In a story of friendship, family and entrepreneurial wizardry, Cas Lester deftly navigates the trials and tribulations of girlhood, and examines with the lightest of touches and gentle humour the thorny and compelling issues of integration, belonging and identity.
‘Kick’ by Mitch Johnson
Budi’s plan is simple…
He’s going to be a star, instead of sweating over each football boot he makes, each stitch he sews, each box he packages. He’s going to play for the greatest team on earth, rather than in the square behind the factory where he works.
But one unlucky kick brings Budi’s world crashing down, because now he owes the Dragon, the most dangerous man in all Jakarta. Soon it isn’t only Budi’s dreams at stake, but his life.
A story about dreaming big, about hope and heroes, and never letting anything stand in your way…
‘The Black Lotus — The Samurai Wars’ by Kieran Fanning
Ghost, Cormac and Kate are junior recruits of the Black Lotus, a school for ninjas – they are not like other kids. Ghost can turn invisible, Cormac can run up walls and Kate can talk to animals — all abilities which make them perfect recruits for the Black Lotus, a training school for ninjas.
But when the Moon Sword – a source of unimaginable power – is stolen by samurai, the three must put their new skills to the test and battle through sixteenth-century Japan plus present-day New York to stop a power-hungry shogun from destroying the city.
‘Two Truths and a Lie’ by Ammi-Joan Paquette & Laurie Ann Thompson
‘Two Truths and a Lie’ is the first book in a fascinating new series that presents some of the most crazy-but-true stories about the living world as well as a handful of stories that are too crazy to be true – and asks readers to separate facts from fakes!
Did you know that there is a fungus that can control the mind of an ant and make it do its bidding? Would you believe there is such a thing as a corpse flower – a ten-foot-tall plant with a blossom that smells like a zombie?

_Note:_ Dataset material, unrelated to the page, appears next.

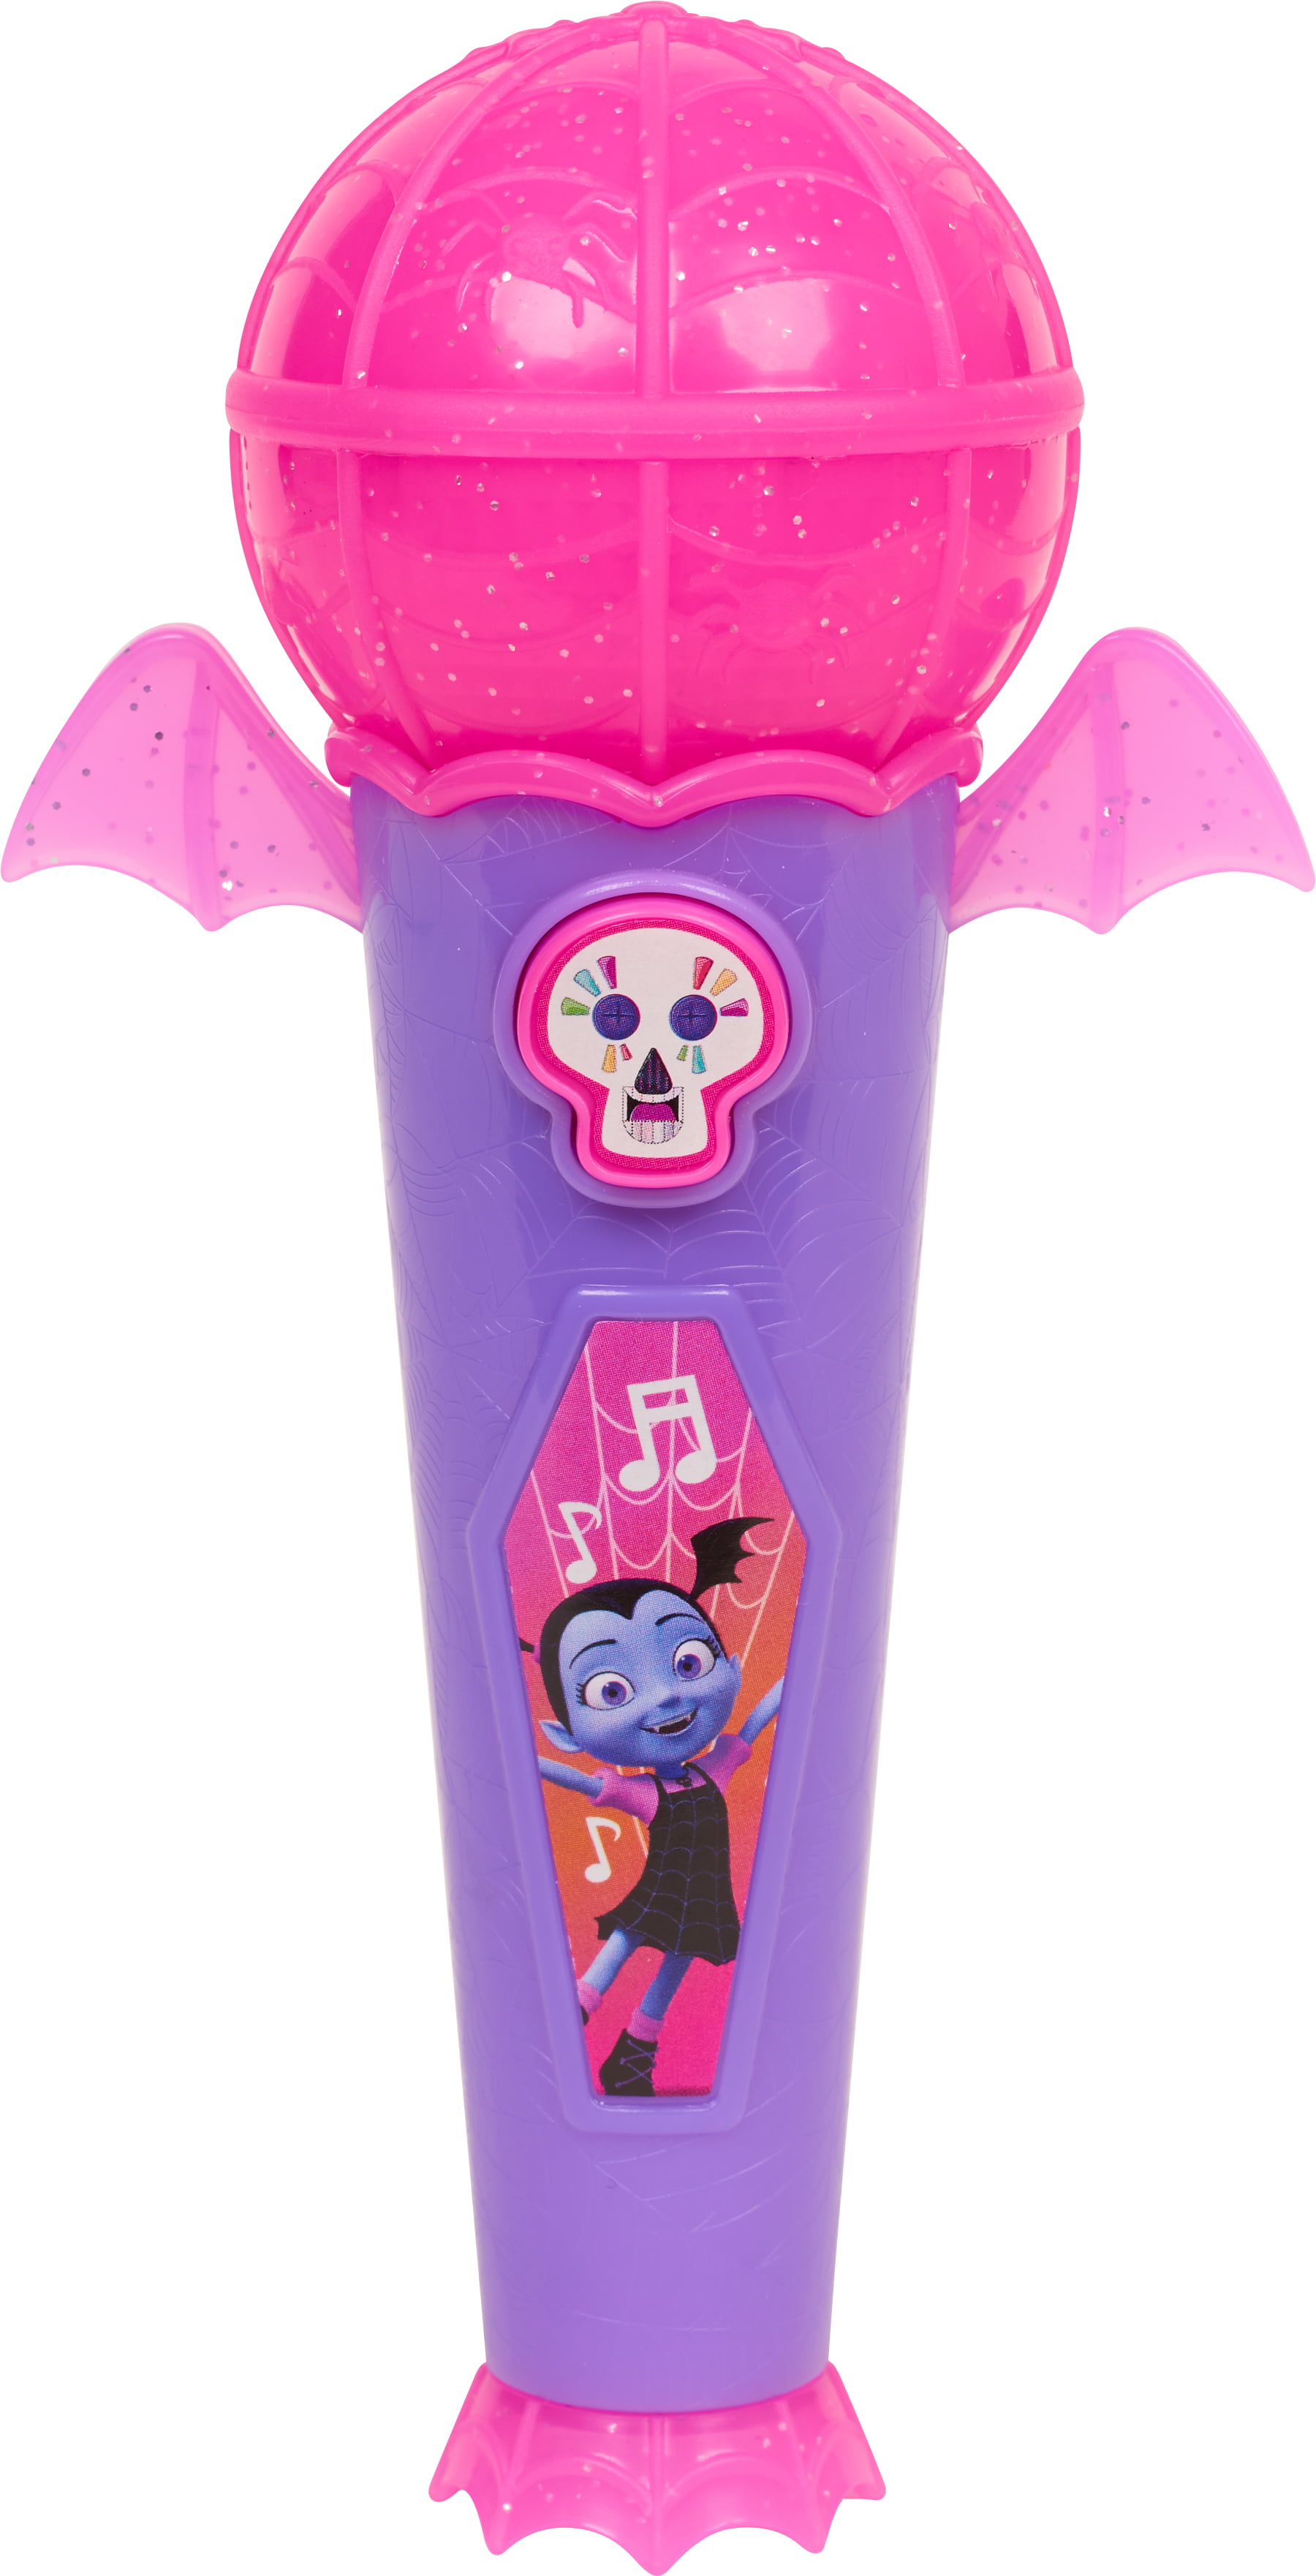 Vamperina Rock n' Ghoul Microphone Disney Junior Toy Pink Purple Brand New 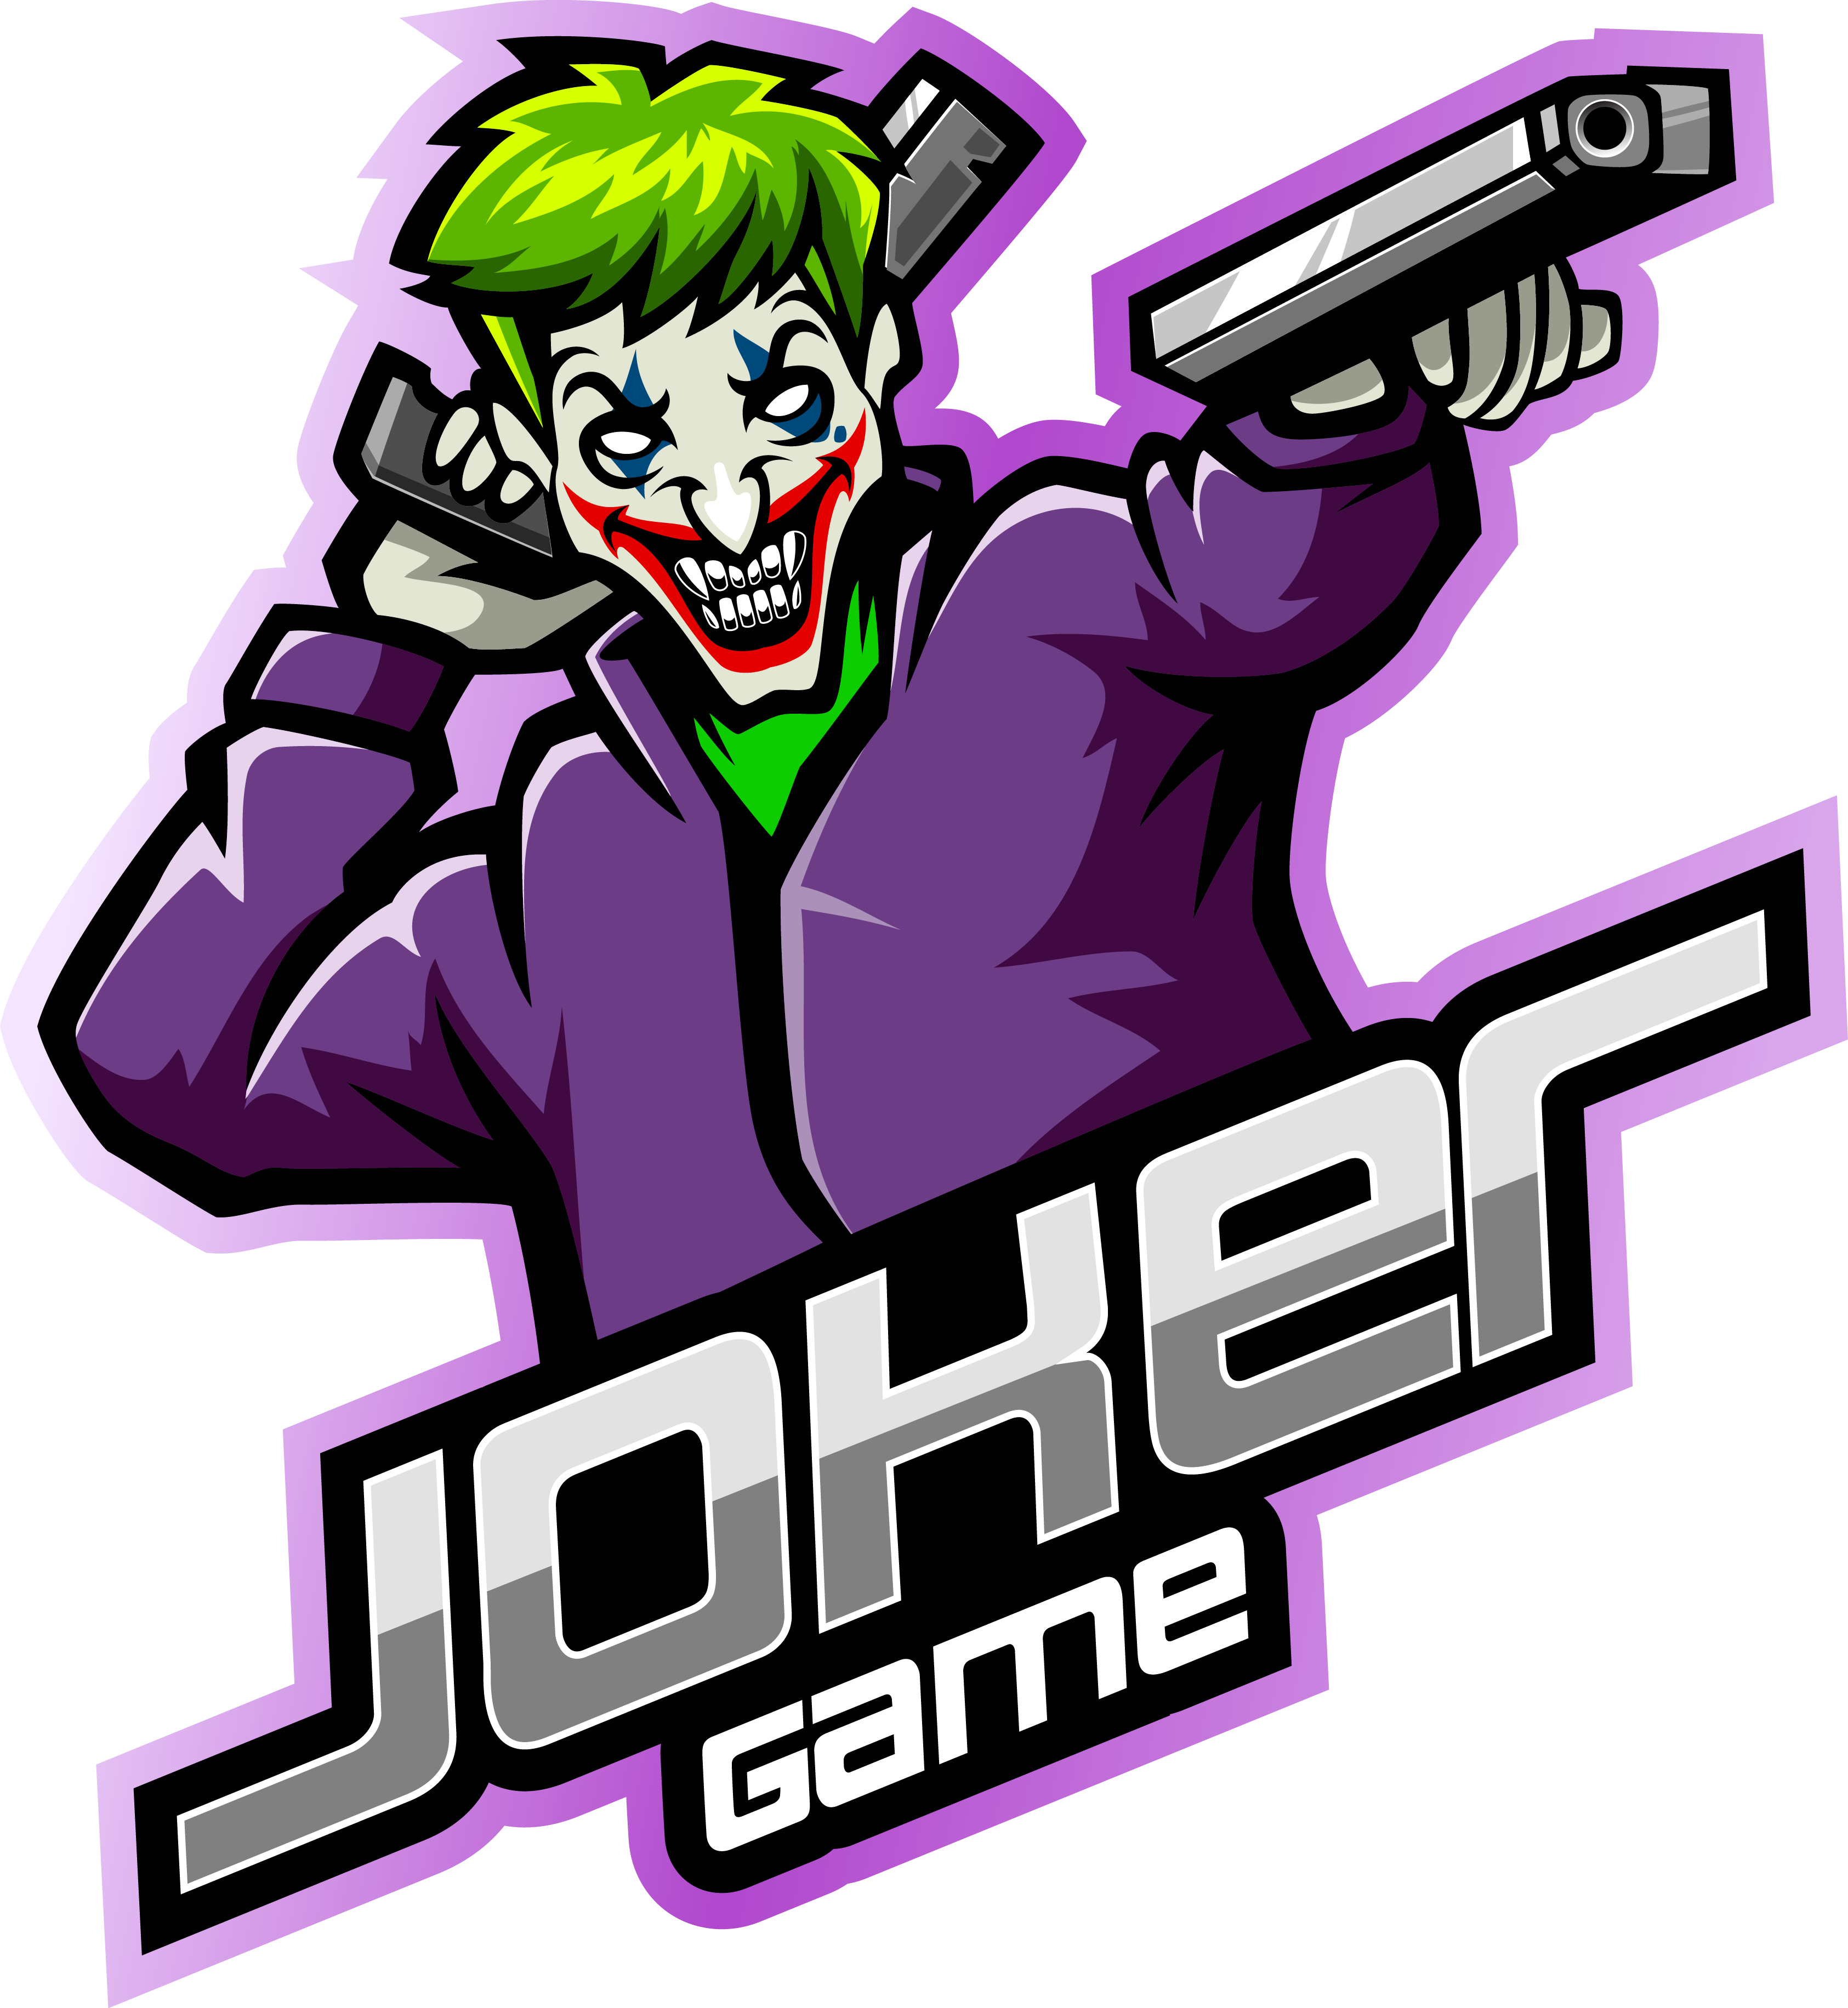 Joker gunner esport mascot logo design By Visink | TheHungryJPEG

How about a species of octopus that doesn’t live in water but rather lurks in trees in the Pacific Northwest?
Every story in this book is strange and astounding. But not all of them are real. Just like the old game in this book’s title, two out of every three stories are completely true and one is an outright lie. Can you guess which? It’s not going to be easy. Some false stories are based on truth, and some of the true stories are just plain unbelievable. And they’re all accompanied by dozens of photos, maps, and illustrations. Amaze yourself and trick your friends as you sort out the fakes from the facts!
‘What Elephants Know’ by Eric Dinerstein
Abandoned in the jungle of the Nepalese Borderlands, two-year-old Nandu is found living under the protective watch of a pack of wild dogs. From his mysterious beginnings, fate delivers him to the King’s elephant stable, where he is raised by unlikely parents-the wise head of the stable, Subba-sahib, and Devi Kali, a fierce and affectionate female elephant.
When the king’s government threatens to close the stable, Nandu, now twelve, searches for a way to save his family and community. A plan to reinvent the elephant stable could be the answer. But to succeed, they’ll need a great tusker. Their future is in Nandu’s hands as he sets out to find a bull elephant and bring him back to the Borderlands.
In simple poetic prose, author Eric Dinerstein brings to life Nepal’s breath-taking jungle wildlife and rural culture, as seen through the eyes of a young outcast, struggling to find his place in the world.